Job Responsibilities
- Guide and assist in designing and deploying new cloud services, gaining consensus from peers.
- Design and implement automated CI/CD pipelines for software teams.
- Collaborate with software engineers to develop solutions for application availability and scalability.
- Write and deploy infrastructure as code for supported applications and platforms.
- Resolve complex technical problems with technical experts and stakeholders.
- Utilize service level objectives to proactively resolve issues before customer impact.
- Support the adoption of site reliability engineering best practices within the team.
Required Qualifications, Capabilities, and Skills
- Formal training or certification in site reliability engineering concepts with 5+ years of applied experience.
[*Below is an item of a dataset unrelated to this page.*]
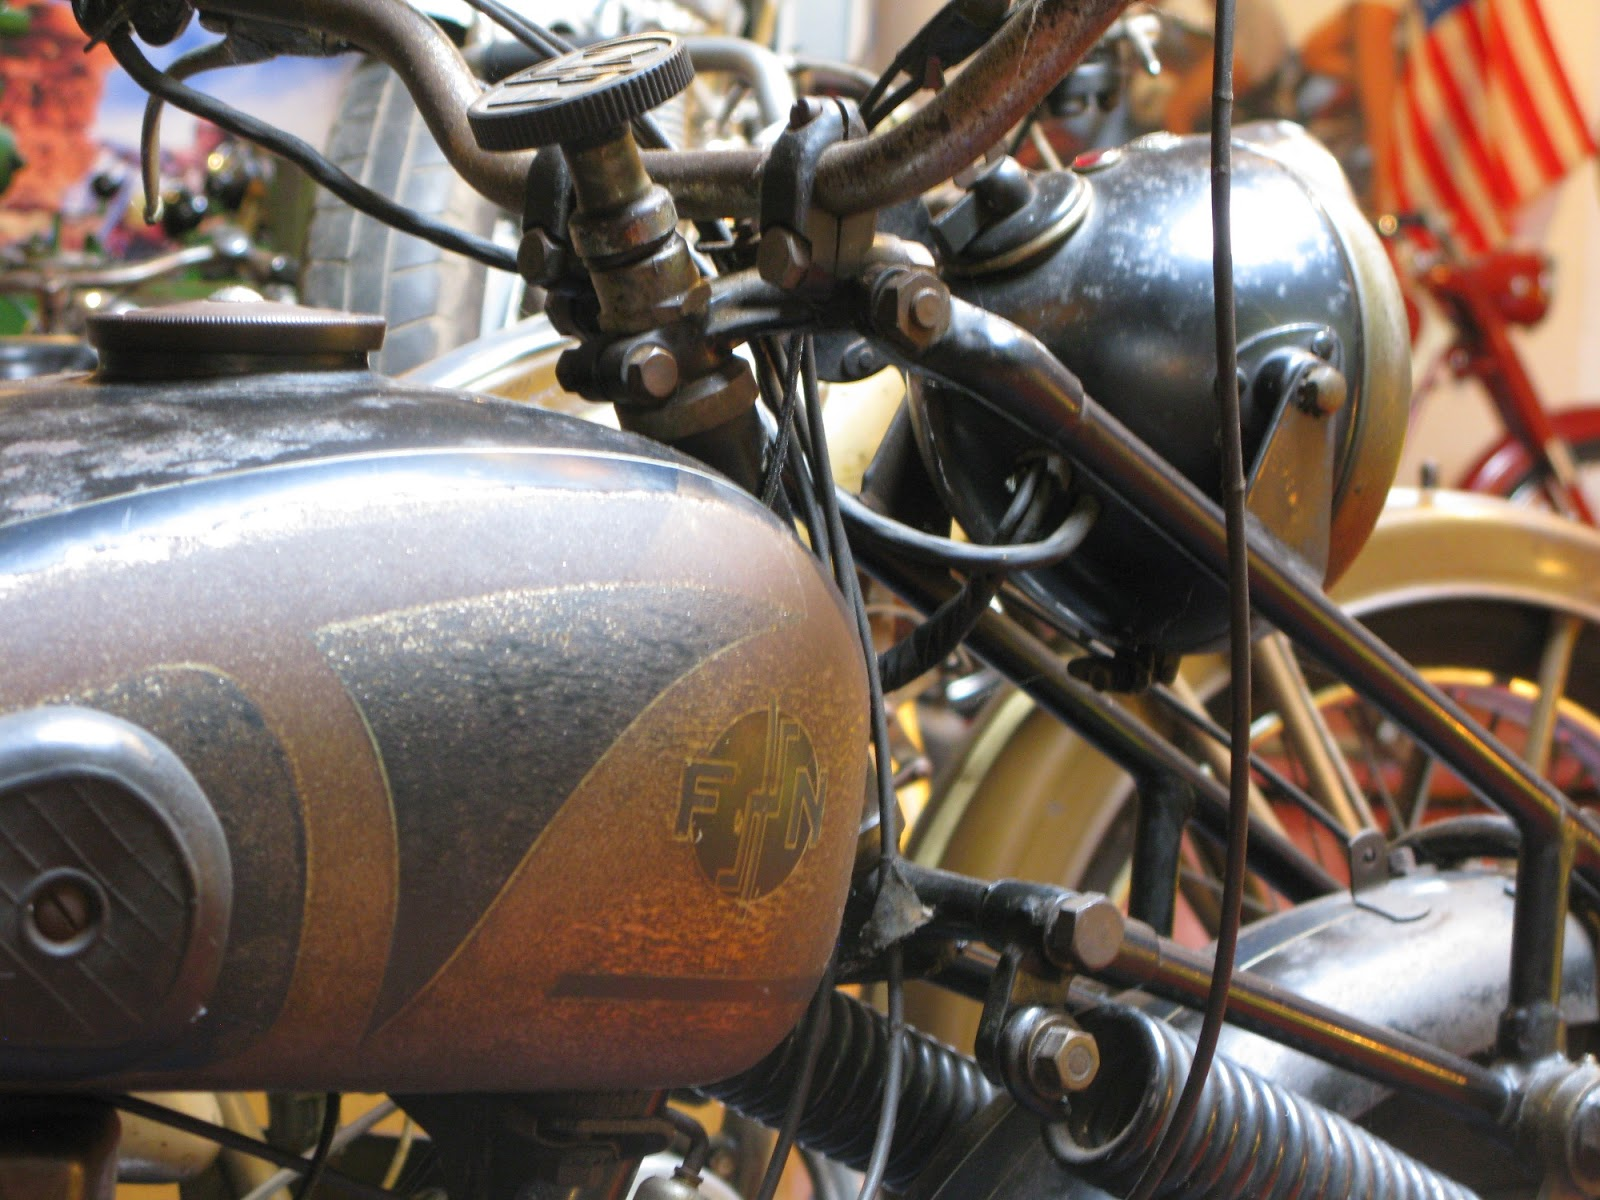 FN motorcycle

- Understanding of site reliability culture and principles, and implementation within applications or platforms.
- Domain knowledge of software applications and technical processes in the AWS ecosystem.
- Experience with infrastructure as code tools like Terraform and CloudFormation.
- Experience with container orchestration such as ECS, Kubernetes, and Docker.
- Knowledge of CI/CD tools like Jenkins, GitLab, or GitHub Actions.
- Proficiency in Python, Java/Spring, or Ruby.
- Hands-on knowledge of Linux and networking internals.
Preferred Qualifications, Capabilities, and Skills
- Familiarity with observability concepts and tools like Datadog, OpenTelemetry, Grafana, Prometheus, and Splunk.
- Understanding of message bus platforms such as Kafka or Kinesis.
- Ability to troubleshoot networking technologies and issues.
- Proactive in recognizing roadblocks and learning new technologies.
- Ability to identify new technologies and solutions to meet design constraints.